Information supplied:
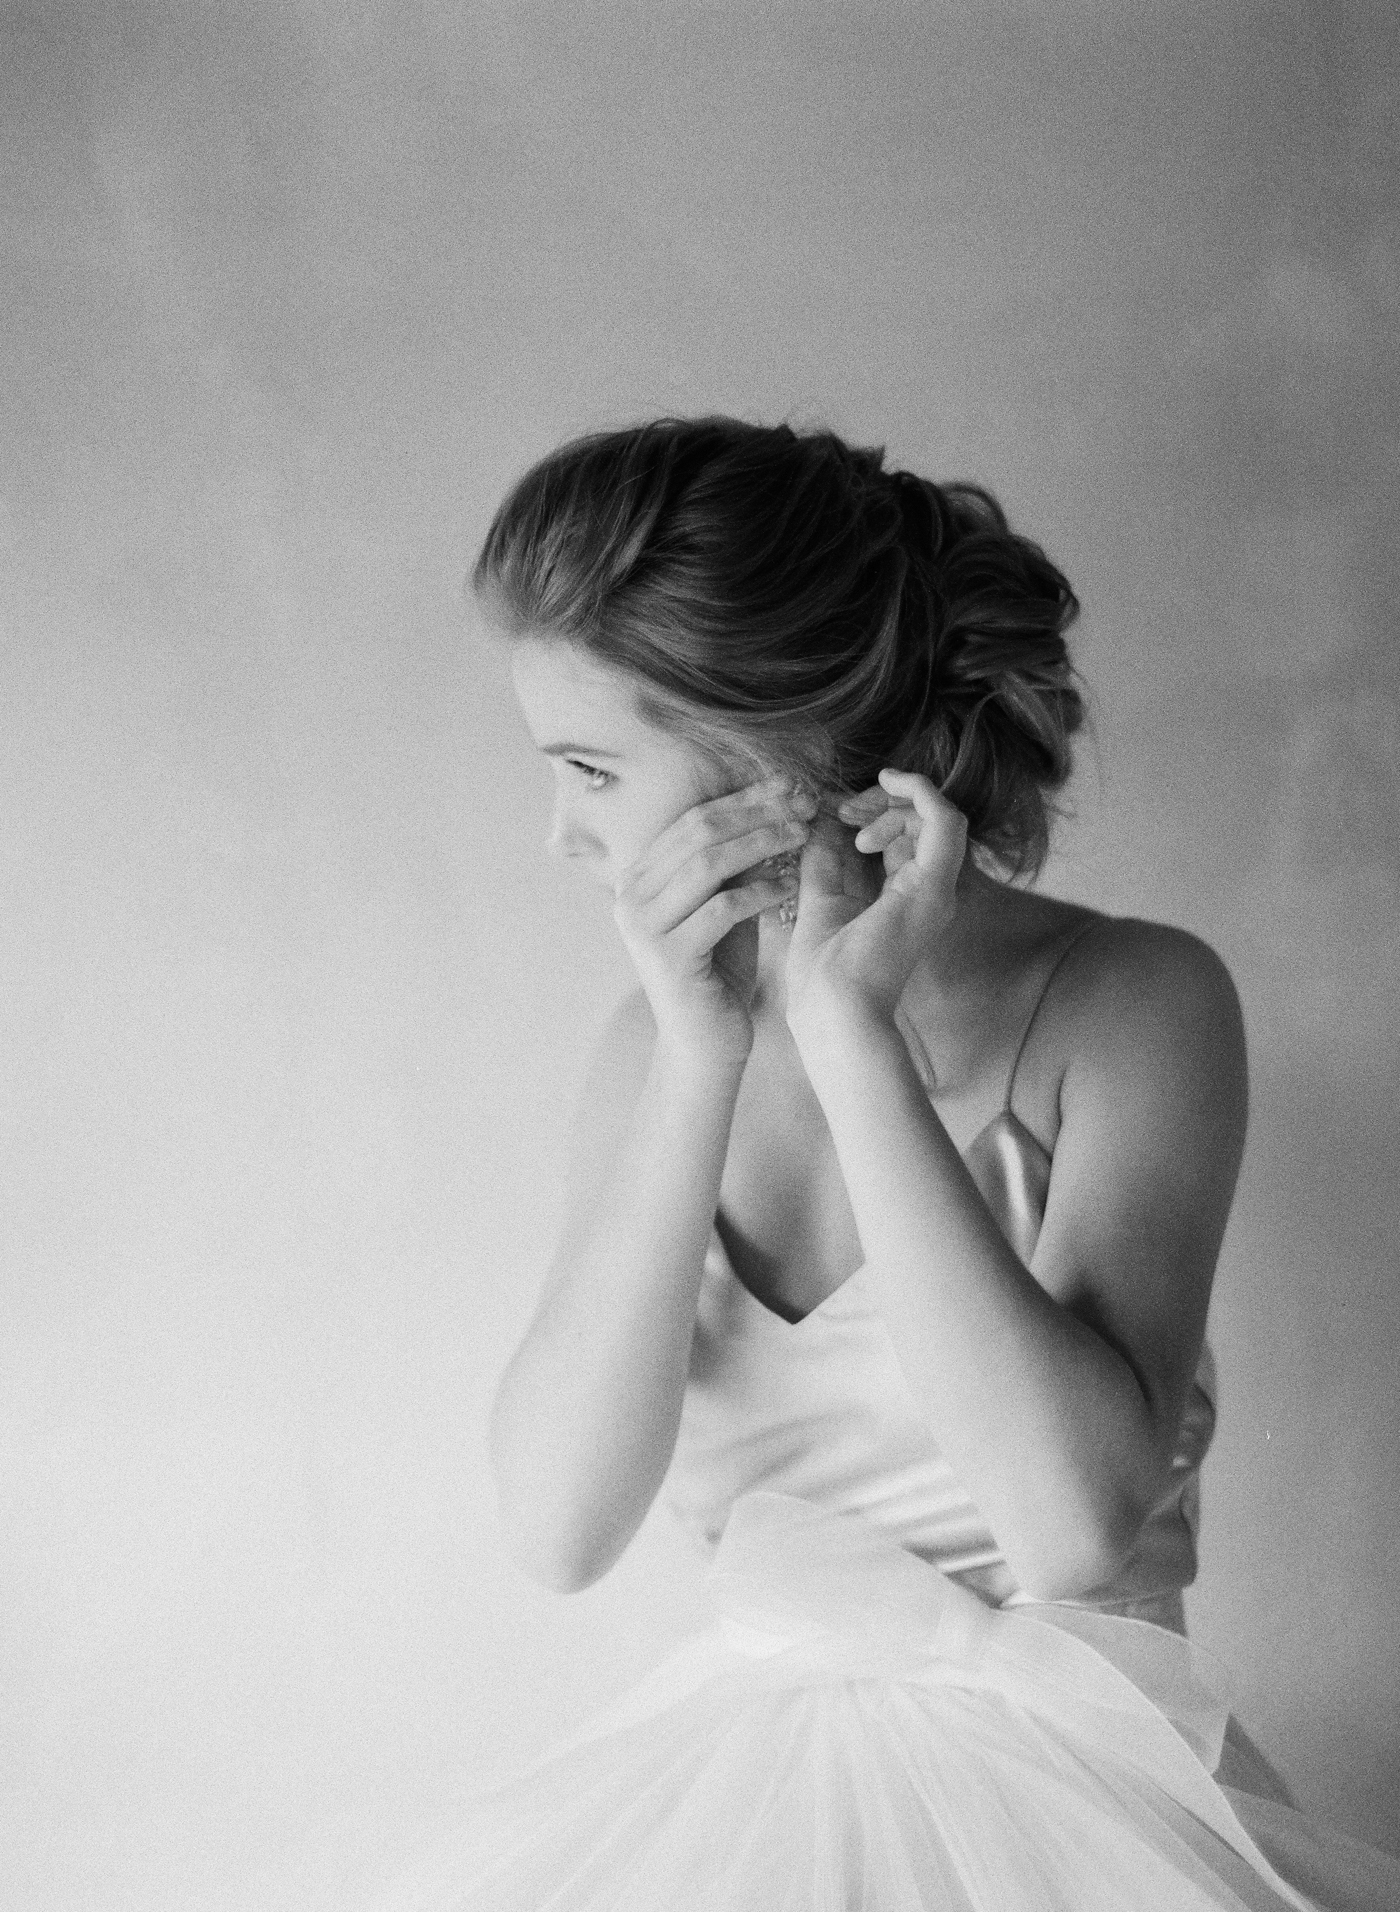 Classic-Bridal-Portraits-210-Jen_Huang-BHLDN-Winter-Bride-166-Jen_Huang-000010640014.jpg
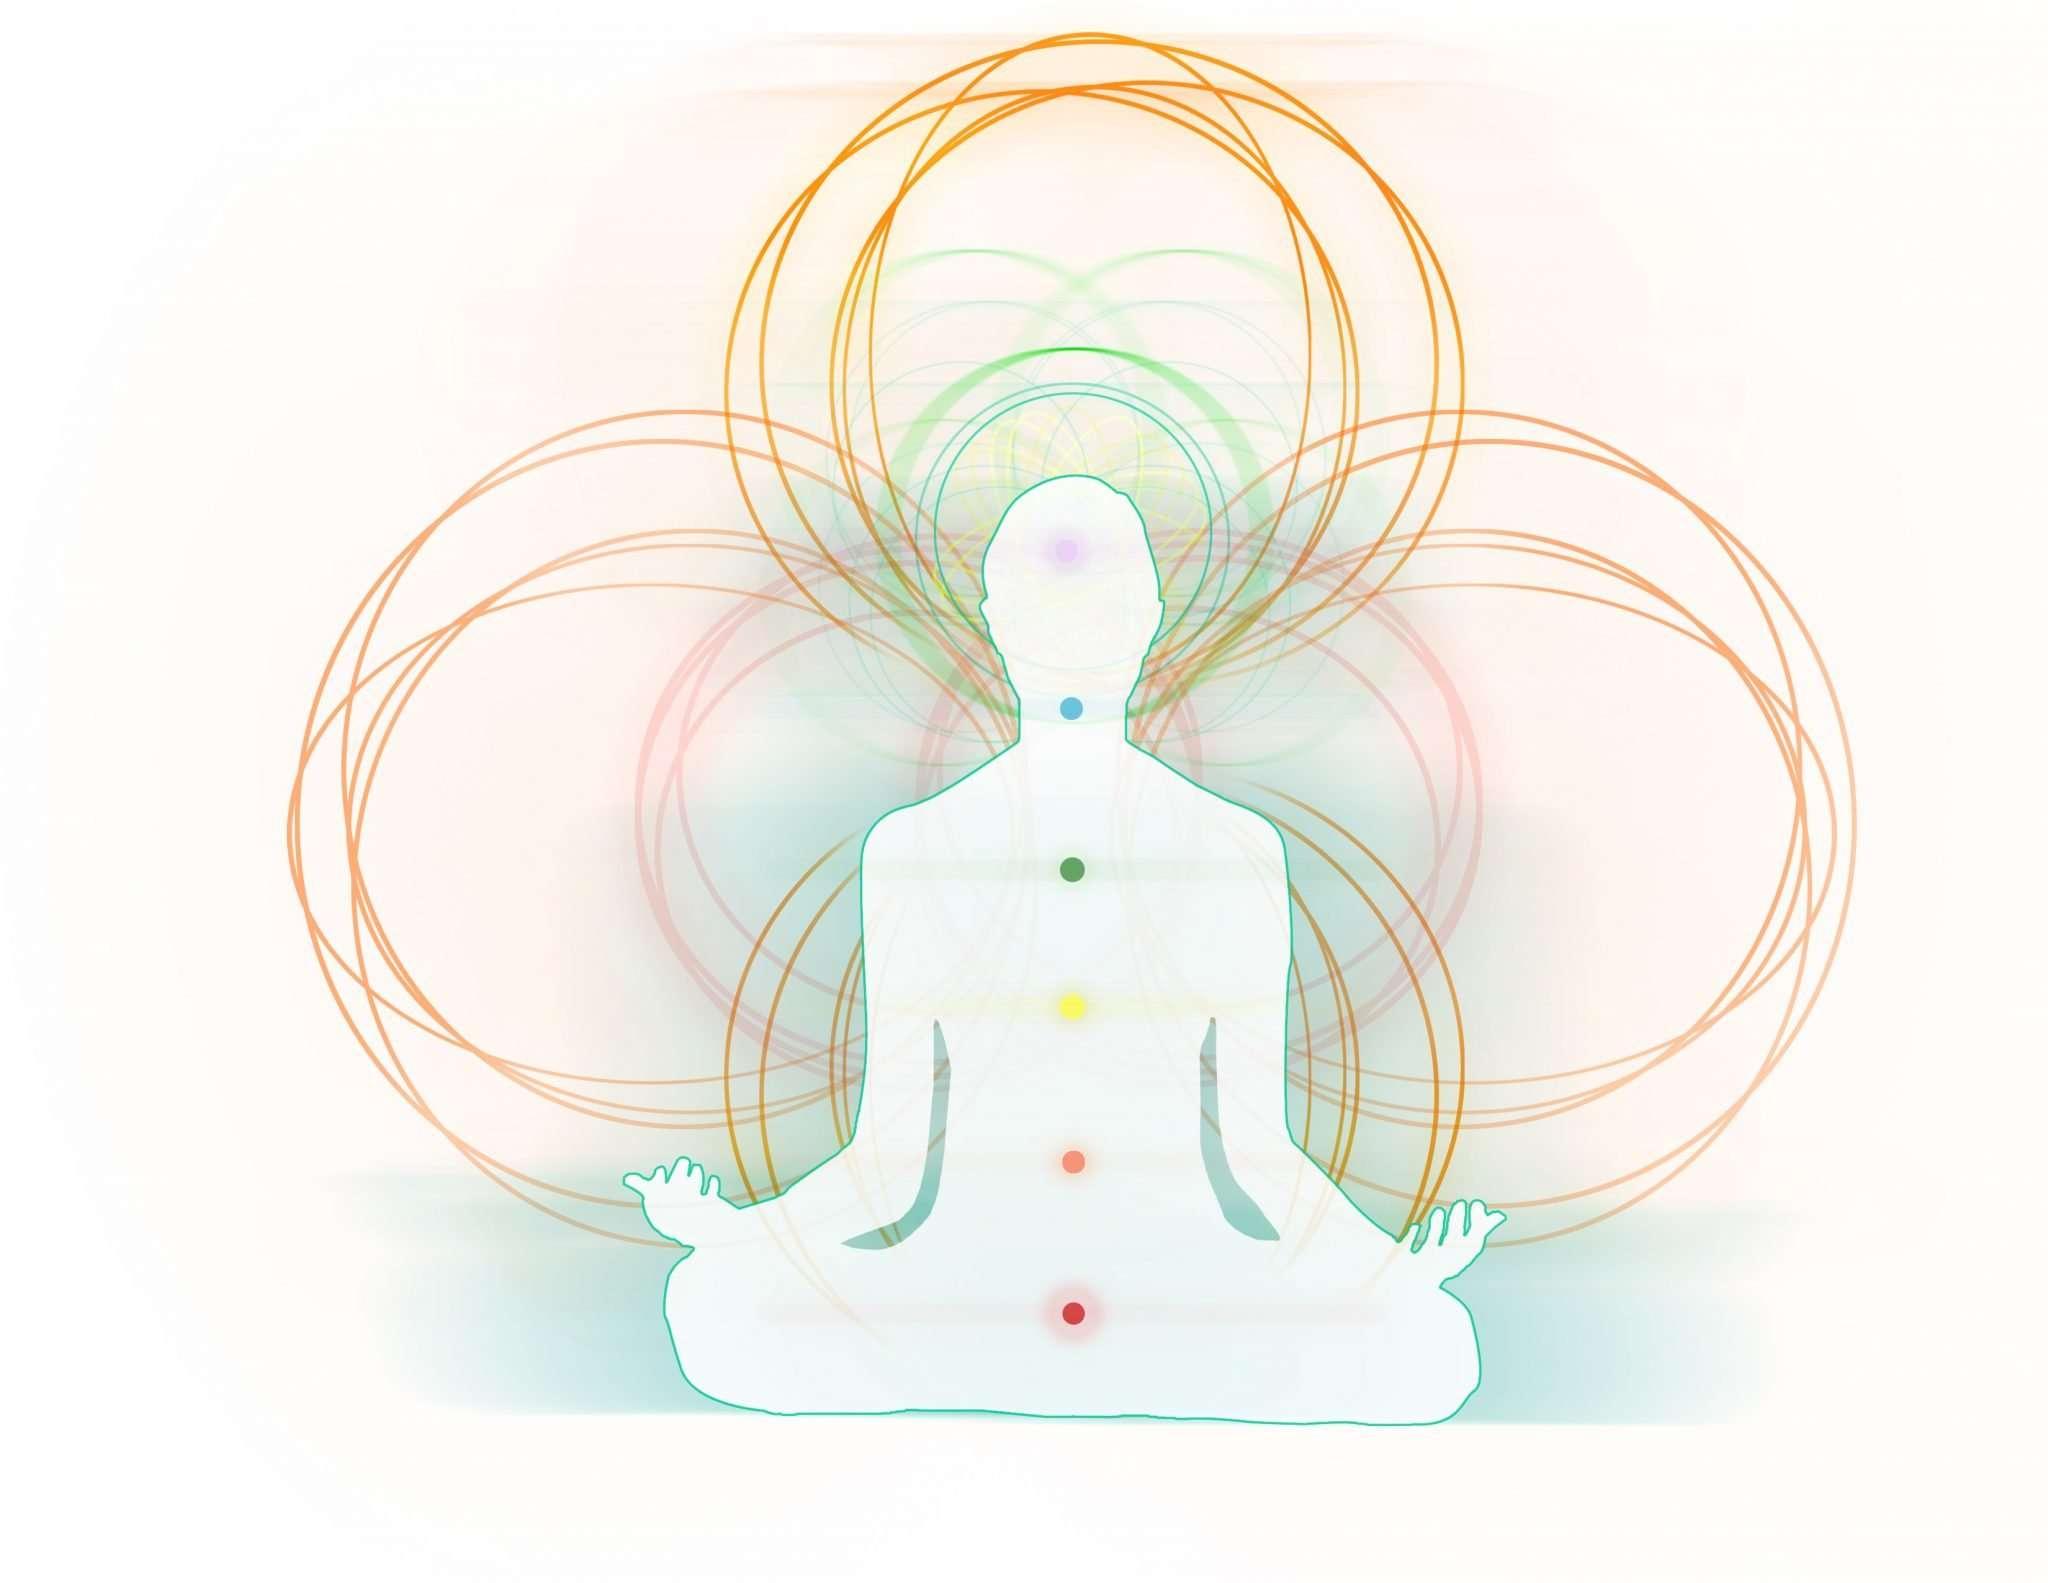 Chakras are Spiritual
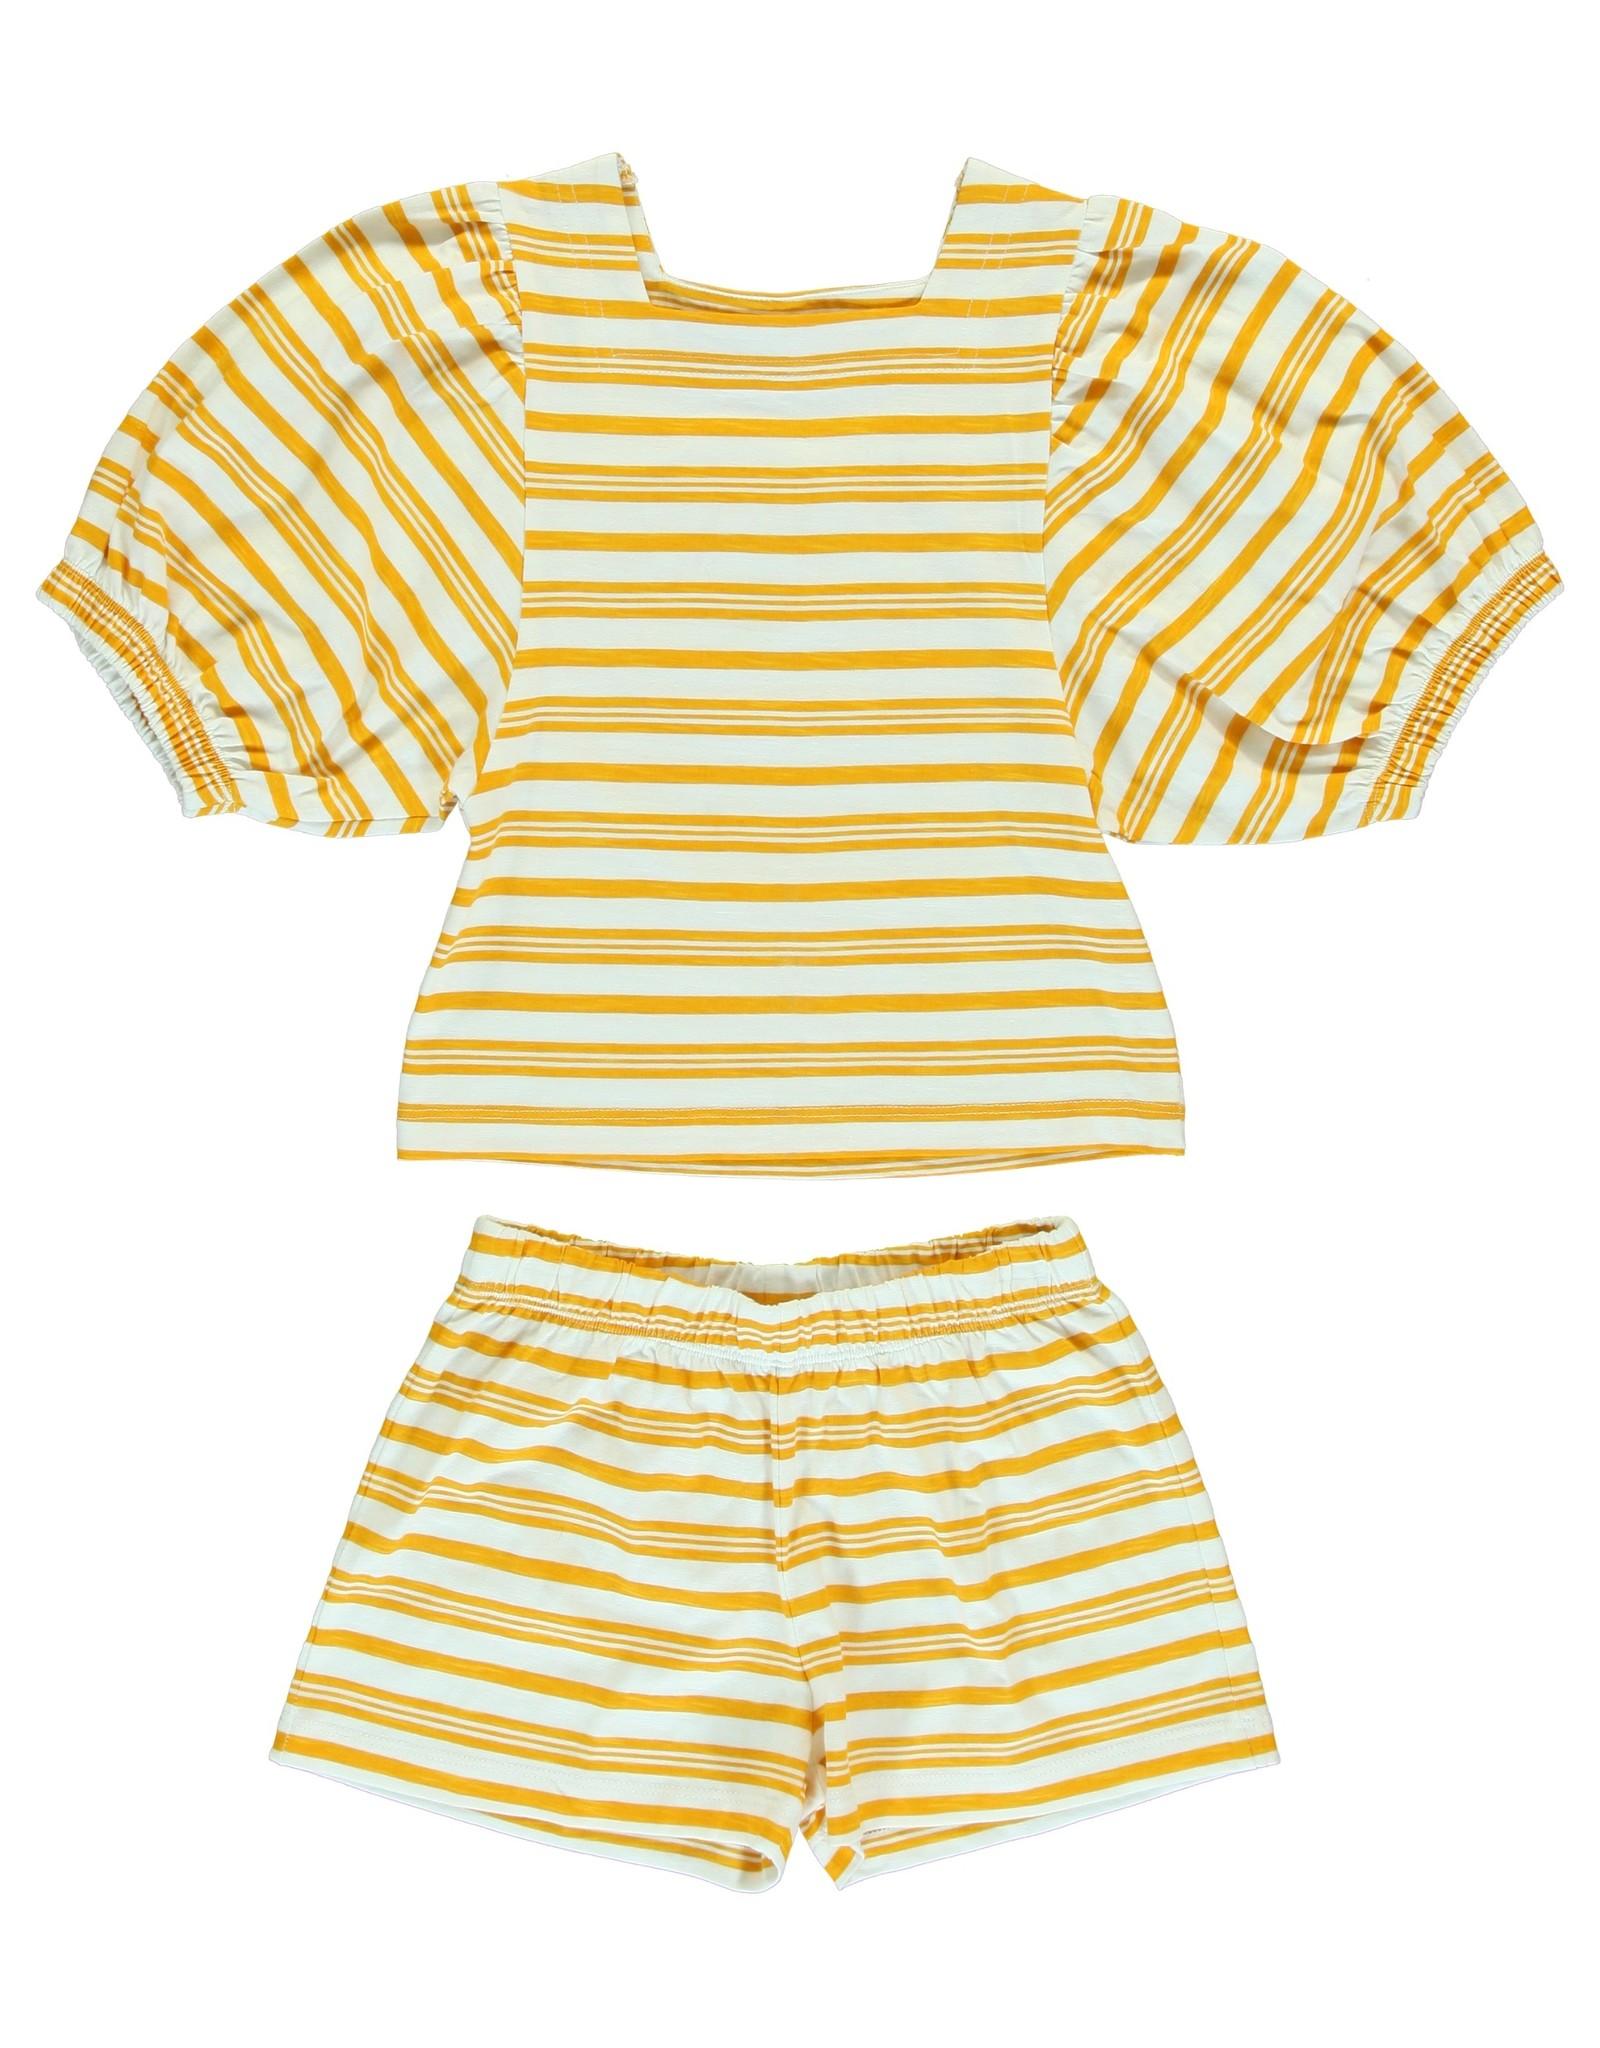 Dorélit Chaldene & Caroli   Pajama Set Jersey   Yellow

Problem statement: Set down each line of the material exactly and skip every image.

Solution to this problem:
 Classic-Bridal-Portraits-210-Jen_Huang-BHLDN-Winter-Bride-166-Jen_Huang-000010640014.jpg
 Chakras are Spiritual
 Dorélit Chaldene & Caroli   Pajama Set Jersey   Yellow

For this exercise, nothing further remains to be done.